I’m sad about the disruption of school for my daughter. It sucks to go from living in the dorm, hanging out with friends, etc to classes from your couch home alone. That is not what the college experience should be. I’m sad that my kids live in a world where they can’t go to school because they might get sick.
I know that everyone says that mass gatherings are a bad idea, but I’m also hoping that March Madness goes on as planned. It is one of my favorite times of the year. I have been looking forward to it. It would be a nice break from all of the bad parts of life right now.
I’m worried that the conference I am supposed to attend in May will be canceled. It was another thing I was looking forward to give me a break from real life. I was supposed to have a week of one day at work, one day at our staff professional development day and then three days at a conference. It’s possible that will change to five days stressed and depressed at work. It seems all of the good stuff is going away but my life in a public building remains business as usual.

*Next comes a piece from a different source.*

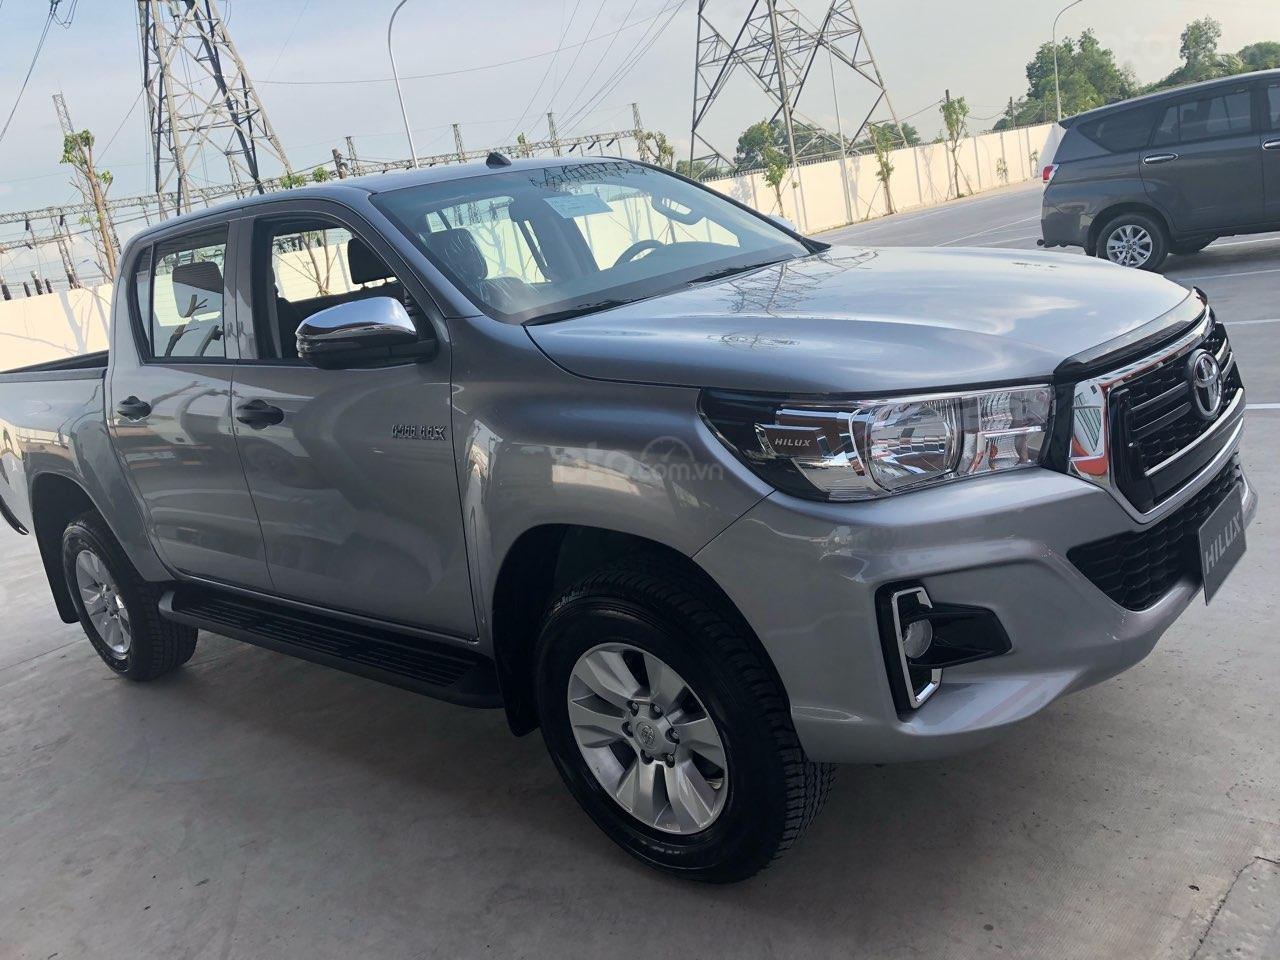 Bán Toyota Hilux 2.4MT, 2.4AT, 2.8AT khuyến mãi tiền mặt, tặng phụ kiện- xe giao ngay toàn quốc (2)

It will be nice to have my daughter at home. I won’t have hours at home alone anymore. It’s possible that my wife will also eventually be transitioned to mainly telework so I will come home to two people at the house. My son will continue living at his house so it won’t bring the entire family back to the house, but he still comes home once a week for dinner, so we will have more time together as a full family.
I know it won’t happen, but I will admit that I wish the decision would be made to close public buildings and that I would be forced to stay at home. Maybe me being at home for a time cleaning and cooking full time would convince my wife that it should be a permanent thing.
So, that is where my head is at this morning. Looking forward to the day when my thoughts aren’t consumed by how all of this will affect my life.